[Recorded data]
- Opening Delimiter -

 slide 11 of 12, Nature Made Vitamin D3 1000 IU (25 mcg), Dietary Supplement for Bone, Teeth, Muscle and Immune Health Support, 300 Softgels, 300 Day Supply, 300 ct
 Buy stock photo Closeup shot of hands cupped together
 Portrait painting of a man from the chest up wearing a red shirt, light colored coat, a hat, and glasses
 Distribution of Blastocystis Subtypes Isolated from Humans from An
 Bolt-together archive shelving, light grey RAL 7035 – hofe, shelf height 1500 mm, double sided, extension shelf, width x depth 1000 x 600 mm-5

- Closing Delimiter -

• **PROBLEM DETAILS**
A verbatim transcription is required of the lines from the one with "Distribution of Blastocystis" through the final line of the entries above, and of nothing else.

• **WRITTEN REPLY**
 Distribution of Blastocystis Subtypes Isolated from Humans from An
 Bolt-together archive shelving, light grey RAL 7035 – hofe, shelf height 1500 mm, double sided, extension shelf, width x depth 1000 x 600 mm-5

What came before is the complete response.